Test Setup

Processor Intel i5-2500K ES—3.3GHz (3.7GHz Turbo)
4 Cores, 4 Threads, 6MB L3
Motherboards ASRock P67 Extreme4
Cooling Corsair H50-1 Water Cooler
Power Supply Enermax Modu87+ 600W 80PLUS
Memory Patriot Viper Xtreme DDR3-2000 9-10-9-27 2x4GB Kit, 1.65V
Patriot Viper Xtreme Division 2 DDR3-2133 9-11-9-27 2x2GB Kit, 1.65V
Memory Settings Patriot Viper Xtreme Division 2 2x2GB @ DDR3-1333 9-9-9-27
Video Cards XFX HD 5850 1GB
Video Drivers Catalyst 10.12
Hard Drive Intel X25-M 80GB SSD Gen2
Optical Drives LG GH22NS50
Case Open Test Bed—CoolerMaster Lab V1.0
Operating System Windows 7 64-bit
USB 2/3 Testing Patriot 64GB SuperSonic USB 3.0
 

Each motherboard received a fresh operating system install before testing and benchmarking. For multi-GPU comparisons, dual XFX HD5850 GPUs at stock clocks were used with Catalyst 10.12 drivers. Memory is set at DDR3-1333 C9 to allow comparison to future H67/H61 motherboards.

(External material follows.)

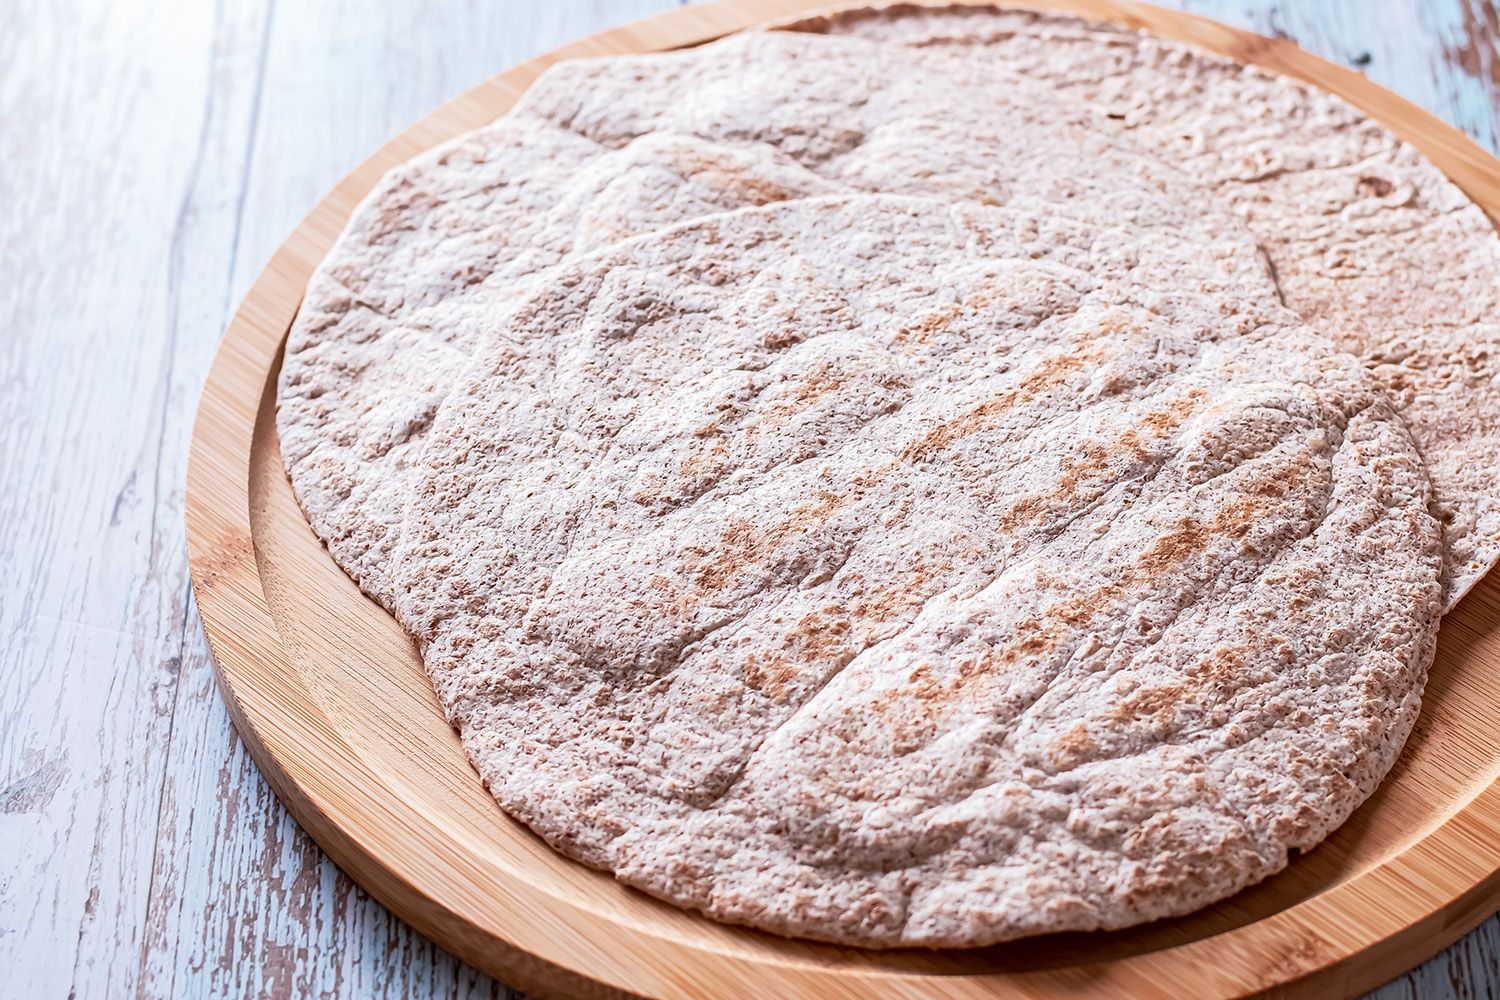 tortillas on a wooden board for making sandwiches, burritos or quesadillas

Many thanks to Patriot Memory for sending their Viper Xtreme DDR3 kits to use in reviews. The 2x4GB kit, specifically for dual-channel operation, is rated at 2000MHz, CAS 9-10-9-27 at 1.65V and retails for $175. The 2x2GB Division 2 kit, also for dual-channel, is a newly released part by Patriot, specifically for P67, and runs at 2133MHz, CAS 9 11-9-27 at 1.65V. I am informed that this kit will retail for around $100.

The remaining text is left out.